── RECORDS TO USE
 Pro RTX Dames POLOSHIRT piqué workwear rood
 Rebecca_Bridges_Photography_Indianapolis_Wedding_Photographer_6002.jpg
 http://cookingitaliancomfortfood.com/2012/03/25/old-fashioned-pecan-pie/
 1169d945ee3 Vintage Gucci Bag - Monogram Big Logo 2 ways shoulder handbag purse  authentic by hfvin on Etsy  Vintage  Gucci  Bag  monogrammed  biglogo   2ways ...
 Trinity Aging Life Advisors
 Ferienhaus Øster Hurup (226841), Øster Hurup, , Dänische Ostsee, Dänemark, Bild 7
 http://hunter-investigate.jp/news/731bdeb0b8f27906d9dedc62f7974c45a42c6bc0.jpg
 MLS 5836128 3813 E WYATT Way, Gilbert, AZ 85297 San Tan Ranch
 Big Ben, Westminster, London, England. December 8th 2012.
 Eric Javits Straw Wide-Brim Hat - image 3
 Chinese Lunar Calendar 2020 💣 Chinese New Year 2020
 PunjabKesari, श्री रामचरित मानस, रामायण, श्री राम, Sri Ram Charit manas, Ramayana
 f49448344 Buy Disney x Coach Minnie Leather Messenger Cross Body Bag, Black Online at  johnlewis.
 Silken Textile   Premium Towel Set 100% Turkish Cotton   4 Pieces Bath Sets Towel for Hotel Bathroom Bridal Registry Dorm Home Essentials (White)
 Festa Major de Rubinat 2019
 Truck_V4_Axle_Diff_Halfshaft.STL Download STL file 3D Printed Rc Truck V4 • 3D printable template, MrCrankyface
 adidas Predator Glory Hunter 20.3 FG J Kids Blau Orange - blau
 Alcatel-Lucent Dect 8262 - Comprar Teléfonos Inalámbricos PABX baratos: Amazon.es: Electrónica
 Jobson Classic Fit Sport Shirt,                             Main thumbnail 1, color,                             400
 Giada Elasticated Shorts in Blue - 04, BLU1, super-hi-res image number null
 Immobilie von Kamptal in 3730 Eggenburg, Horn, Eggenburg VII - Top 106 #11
────
WHAT THIS TASK INVOLVES
Given the word "image", show every line of the records that contains it.

TASK OUTPUT
 Eric Javits Straw Wide-Brim Hat - image 3
 Giada Elasticated Shorts in Blue - 04, BLU1, super-hi-res image number null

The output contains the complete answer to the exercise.